◆ Excerpted data
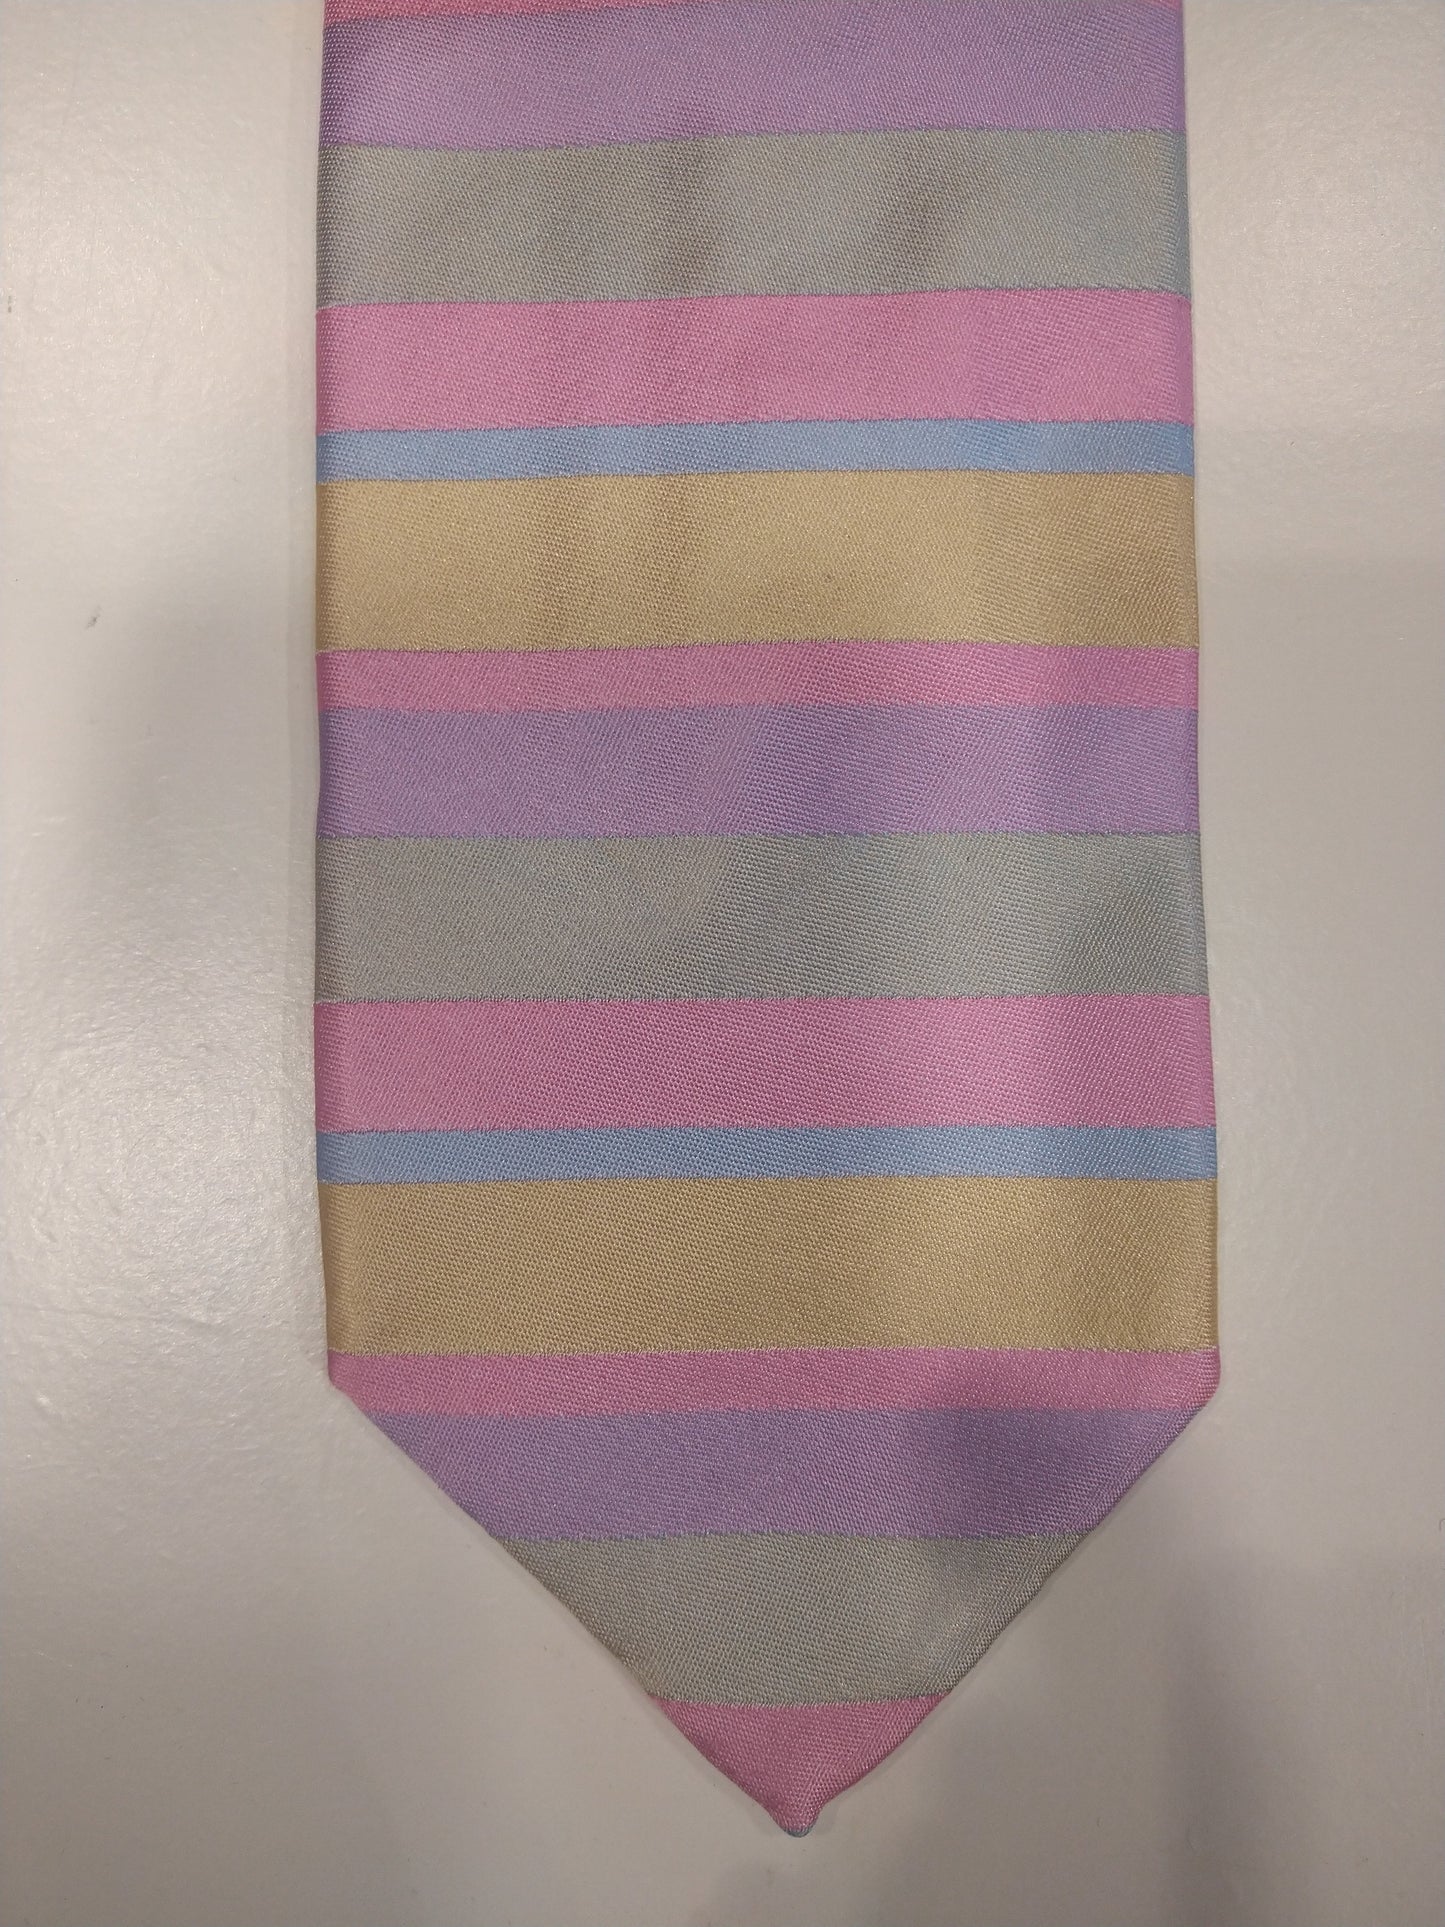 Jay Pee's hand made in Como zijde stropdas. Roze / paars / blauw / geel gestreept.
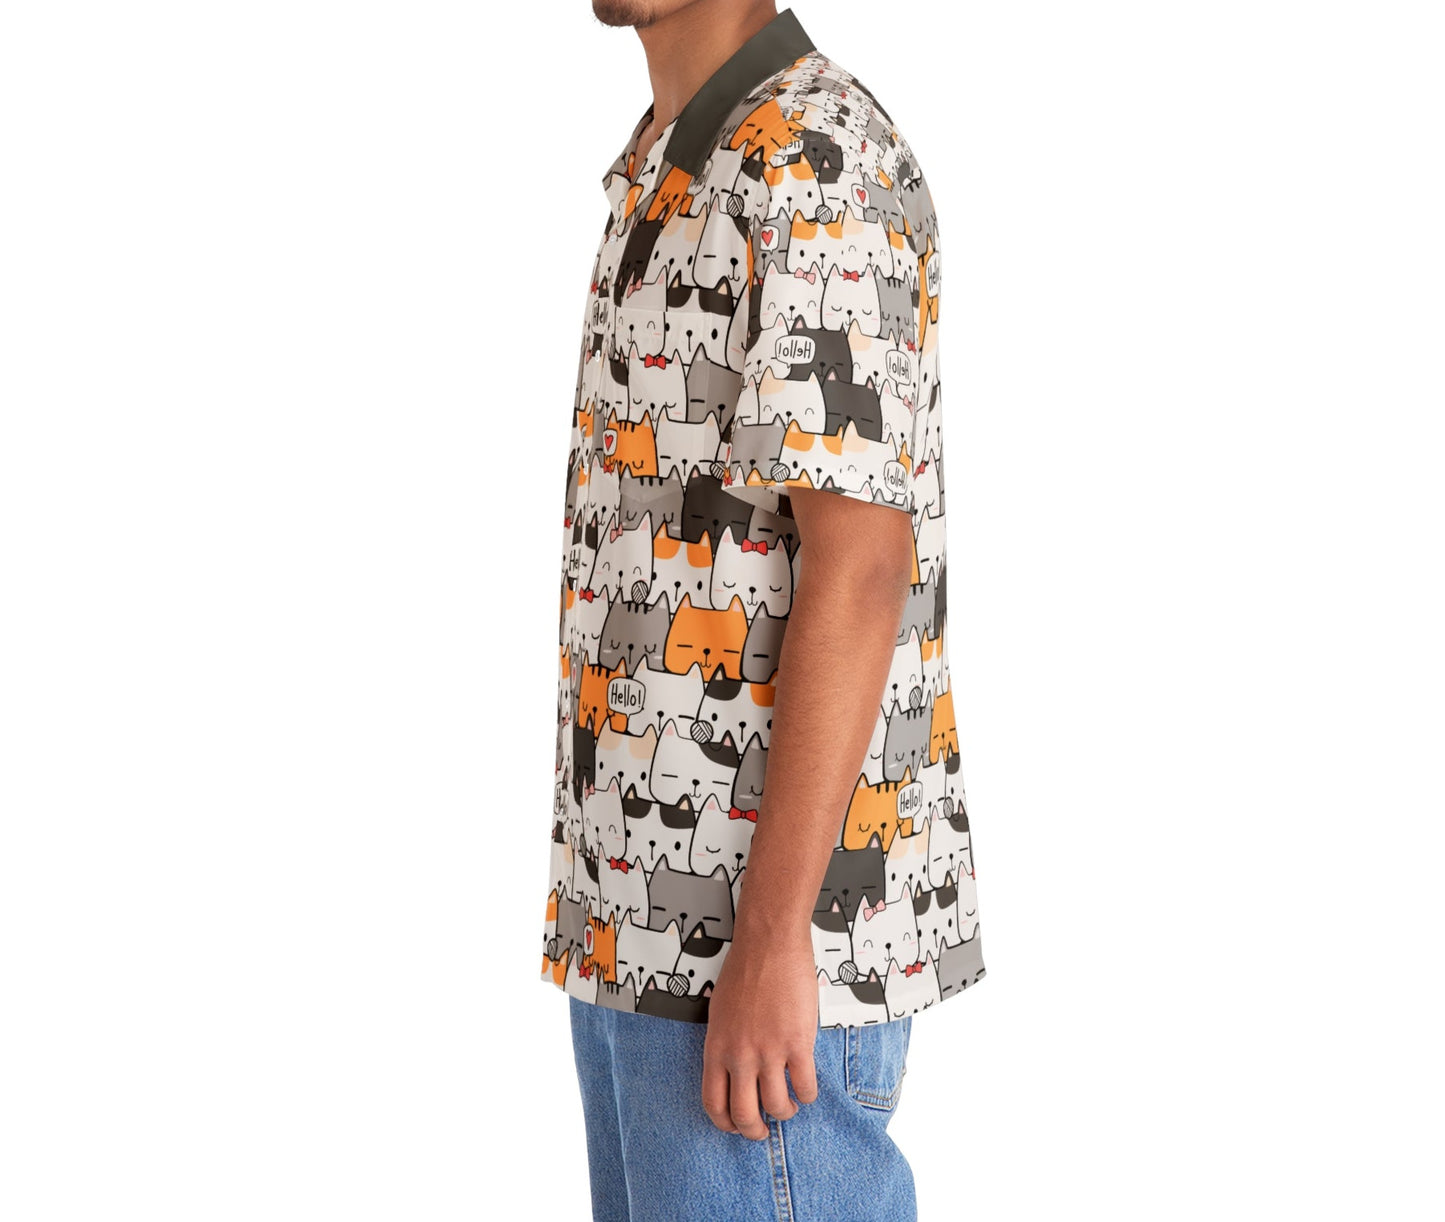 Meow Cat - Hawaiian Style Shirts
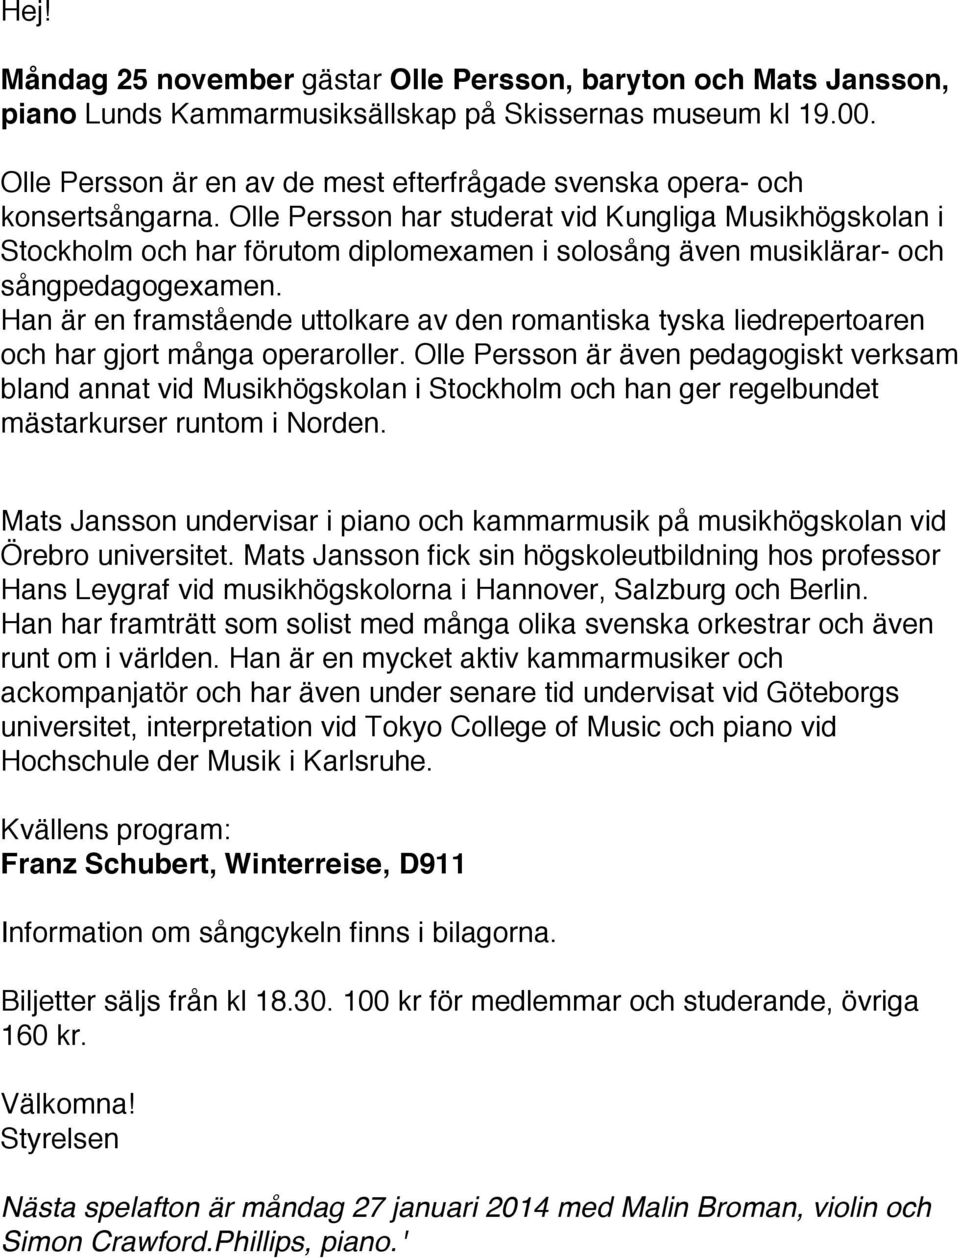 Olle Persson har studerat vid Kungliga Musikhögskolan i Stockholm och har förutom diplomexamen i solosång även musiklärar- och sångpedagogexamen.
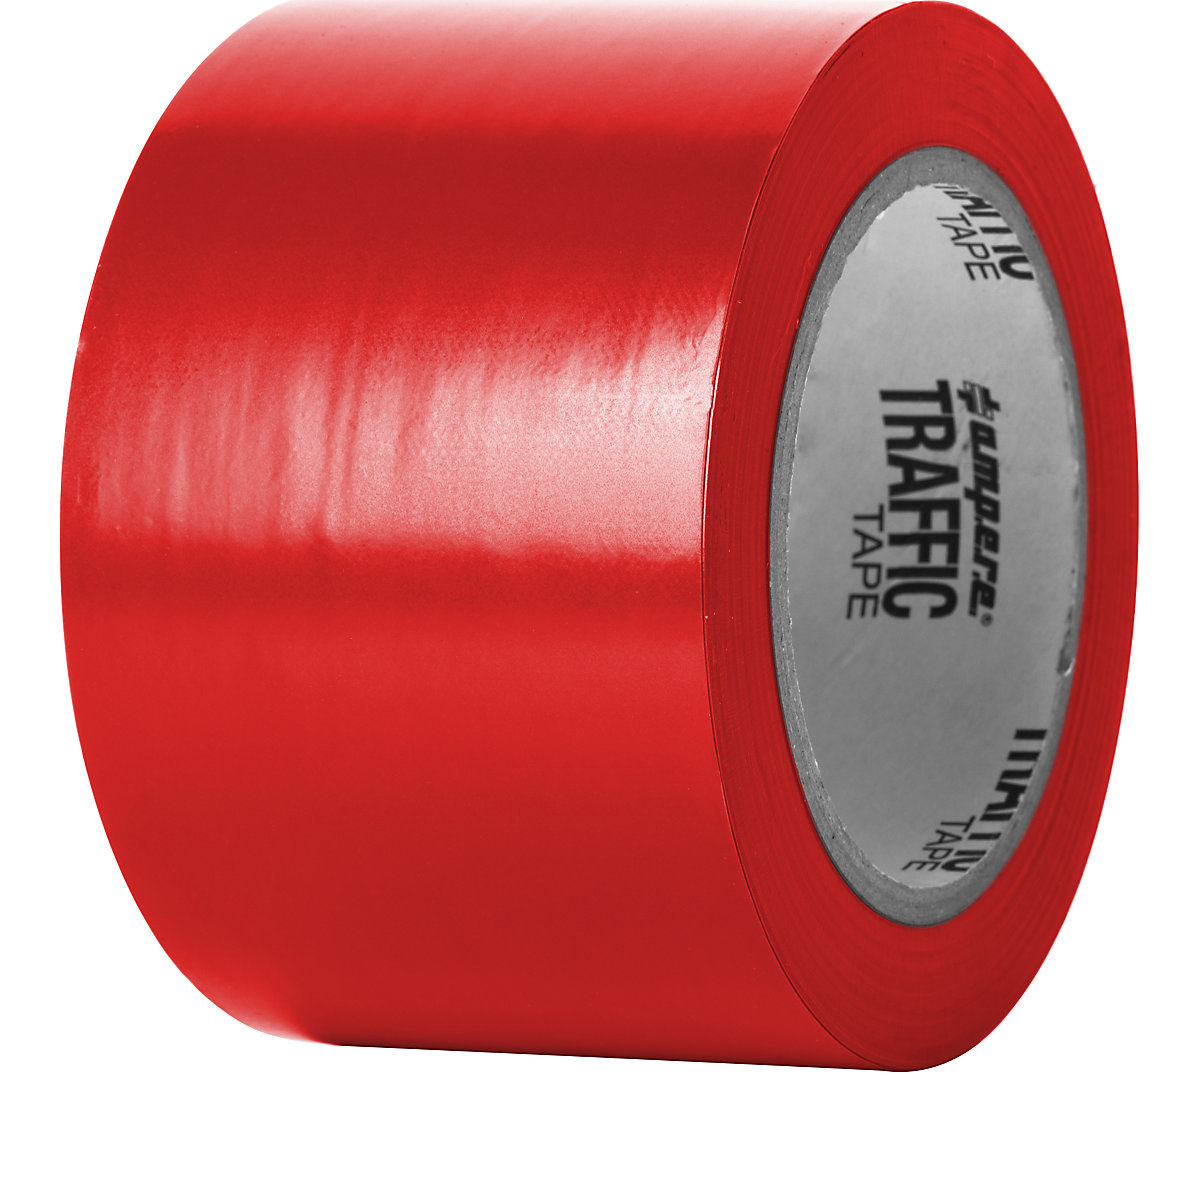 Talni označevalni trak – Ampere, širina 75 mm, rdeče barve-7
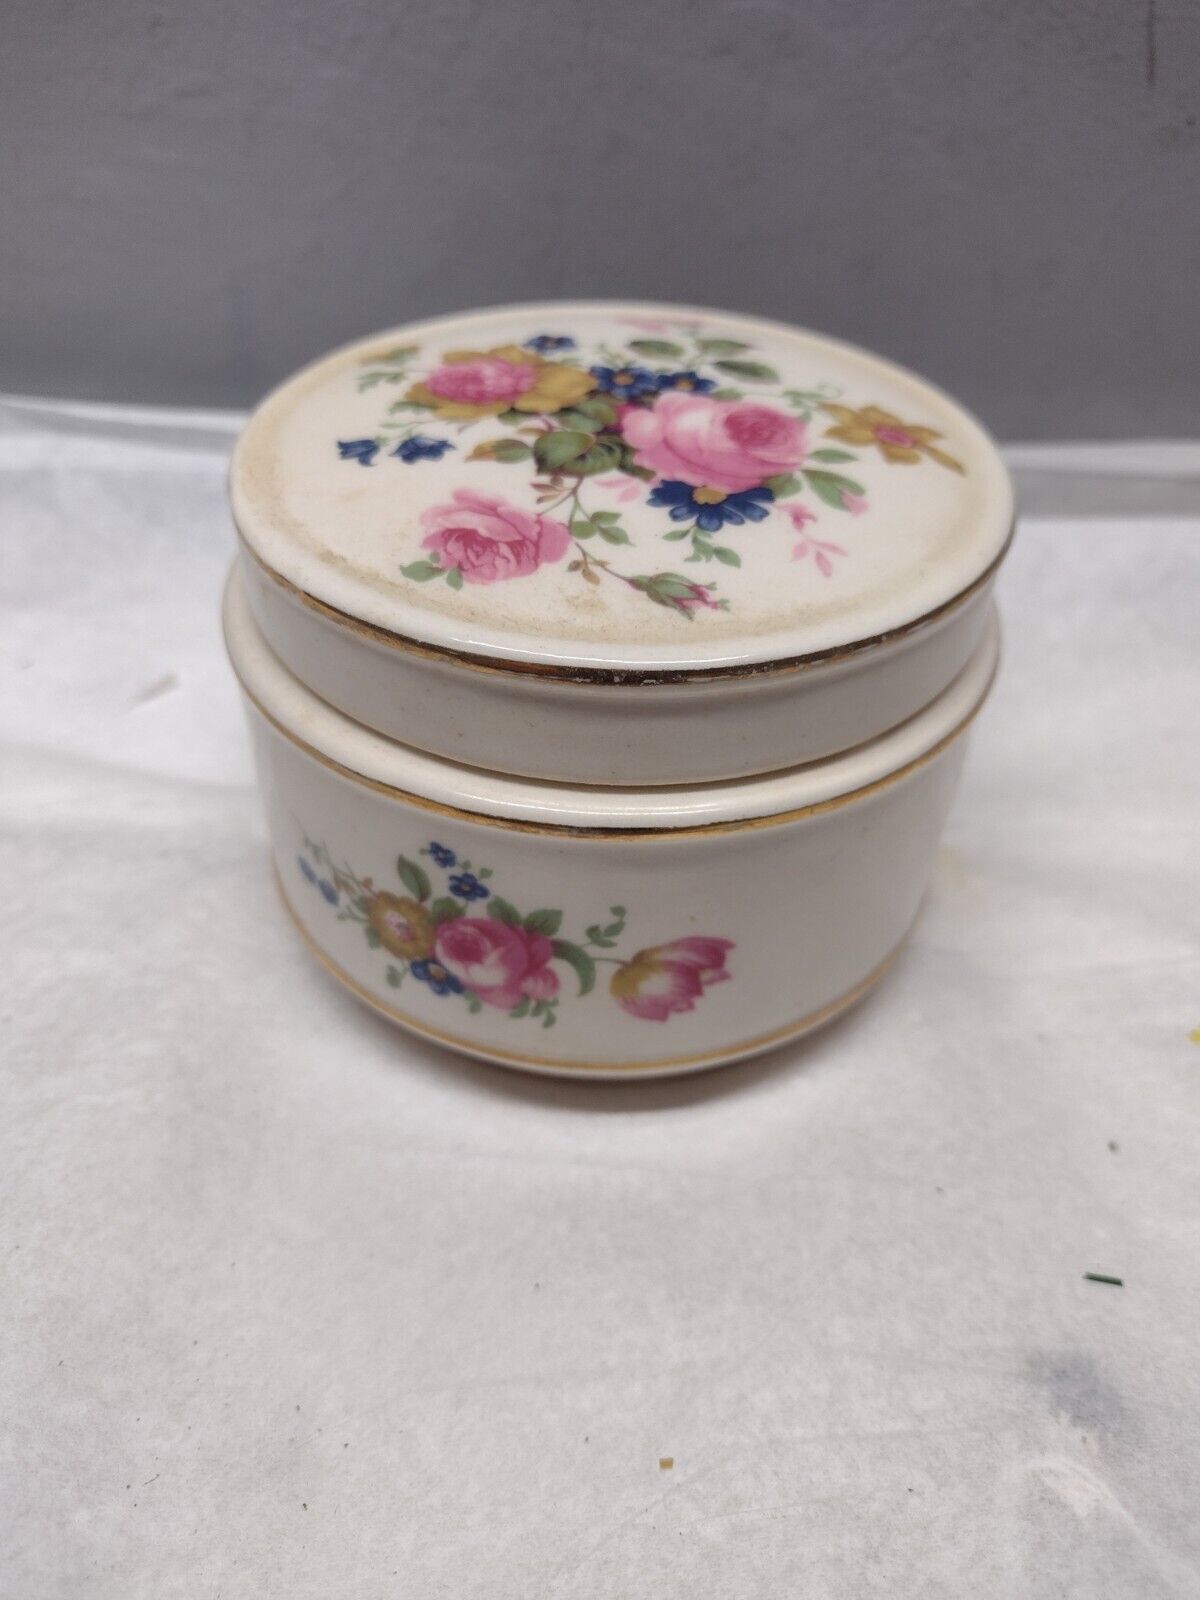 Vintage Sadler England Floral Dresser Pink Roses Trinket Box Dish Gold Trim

◆ Assignment
Repeat every record above exactly. The pictures do not belong in the copy.

◆ Solution for this task
 Jay Pee's hand made in Como zijde stropdas. Roze / paars / blauw / geel gestreept.
 Meow Cat - Hawaiian Style Shirts
 Olle Persson har studerat vid Kungliga Musikhögskolan i Stockholm och har förutom diplomexamen i solosång även musiklärar- och sångpedagogexamen.
 Talni označevalni trak – Ampere, širina 75 mm, rdeče barve-7
 Vintage Sadler England Floral Dresser Pink Roses Trinket Box Dish Gold Trim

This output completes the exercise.